Nu, behoudens het DNA-spoor op voornoemde handschoen, het dossier geen enkel ander bewijsmiddel bevat dat in de richting van verdachte wijst, acht de rechtbank, gelet op de overwegingen omtrent de vrijspraak van verdachte van feit 3, evenmin wettig en overtuigend bewezen dat verdachte degene was die de betreffende handschoenen heeft gedragen ten tijde van de ram-/plofkraak in Zwaag op 9 mei 2014, zodat verdachte overeenkomstig de eis van de officier van justitie ook van dit feit dient te worden vrijgesproken.
Feit 4(zaaksdossier 8)
Verdachte dient te worden vrijgesproken van de onder 1, 2 en 3 ten laste gelegde feiten. Het dossier ontbeert enige andere aanwijzing omtrent betrokkenheid van verdachte bij een criminele organisatie. Verdachte zal daarom ook van dit feit worden vrijgesproken. Anders dan de officier van justitie heeft betoogd, is de rechtbank niet uit enig stuk in het dossier of enige verklaring gebleken dat verdachte en [medeverdachte H] elkaar kennen en op enig moment tezamen zijn aangehouden. Het lijkt erop dat de officier van justitie verdachte hier verwart met een persoon genaamd [W] waarvan in zaaksdossier 8 op blz. 20 wordt vermeld dat hij op enig moment tezamen met [medeverdachte H] is aangehouden.
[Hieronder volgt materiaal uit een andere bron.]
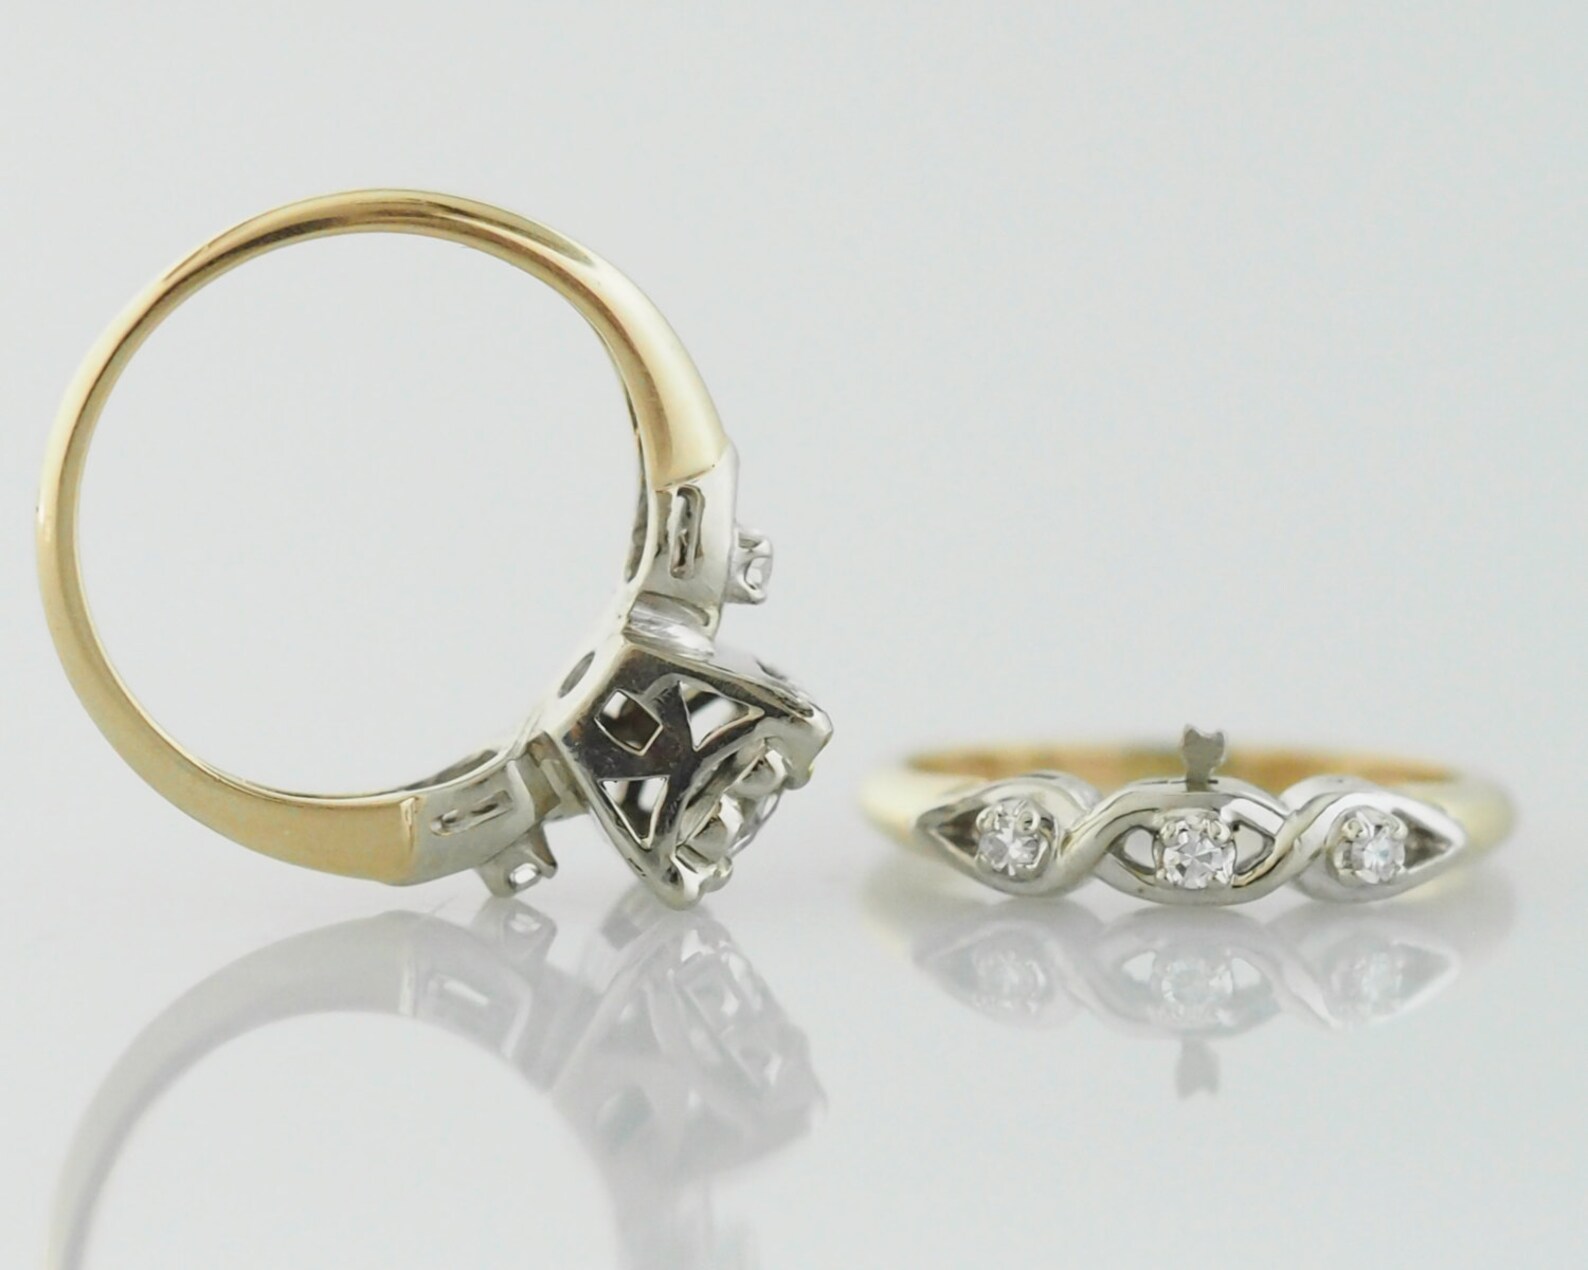 Circa 1950s Vintage Flare Diamond Ring and Wedding Band | Etsy
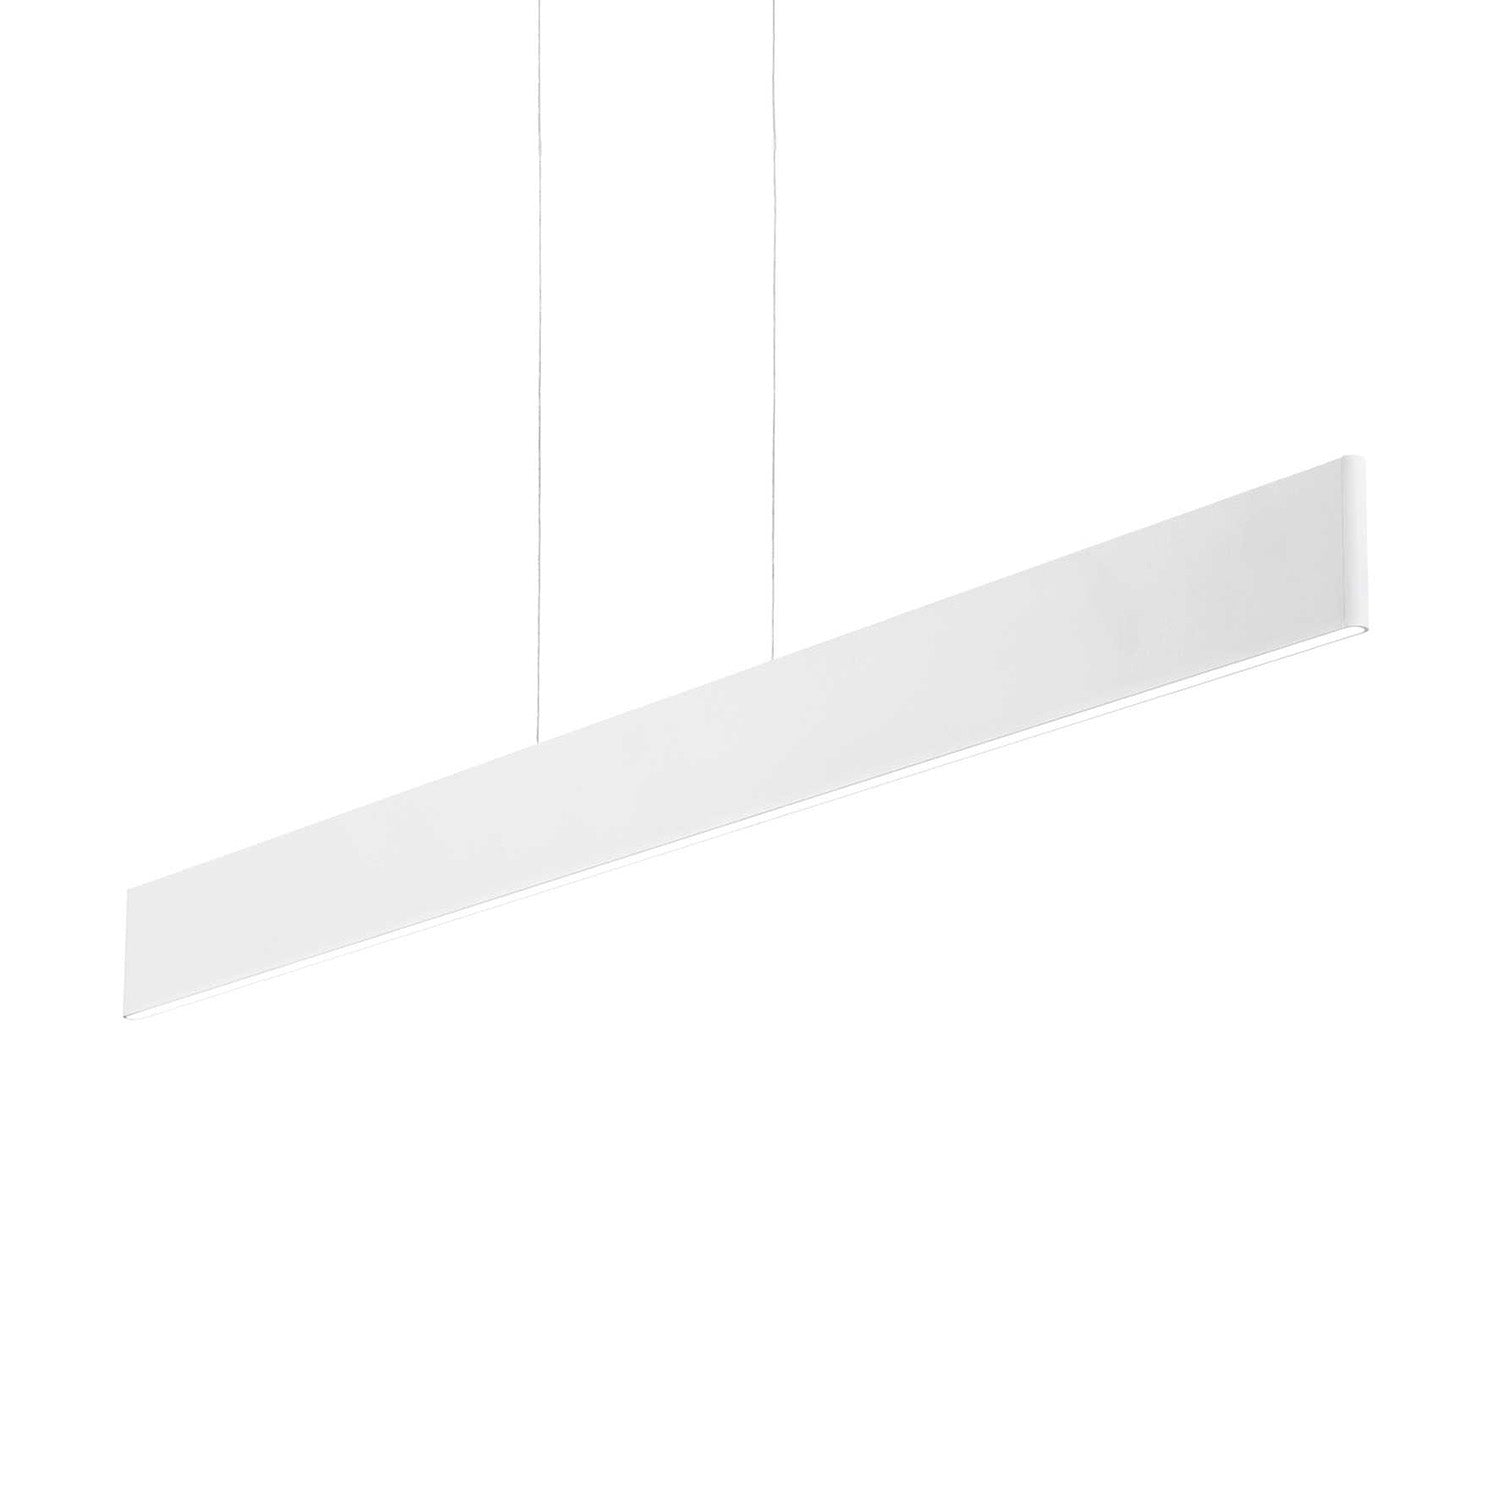 DESK – Schwarze oder weiße lineare integrierte LED-Pendelleuchte

5. Vordering benadeelde partij
Namens de benadeelde partij ING Bank N.V. te Amsterdam is een vordering tot schadevergoeding van € 41.490,08 ingediend tegen verdachte wegens materiële schade, die de bank als gevolg van het onder 2 ten laste gelegde feit zou hebben geleden.
De rechtbank is van oordeel dat nu niet wettig en overtuigend is bewezen hetgeen aan verdachte onder 2 is tenlastegelegd, de benadeelde partij niet in de vordering, die betrekking heeft op dat ten laste gelegde feit, kan worden ontvangen.
Gelet hierop zal de rechtbank bepalen dat de benadeelde partij niet ontvankelijk is in de vordering.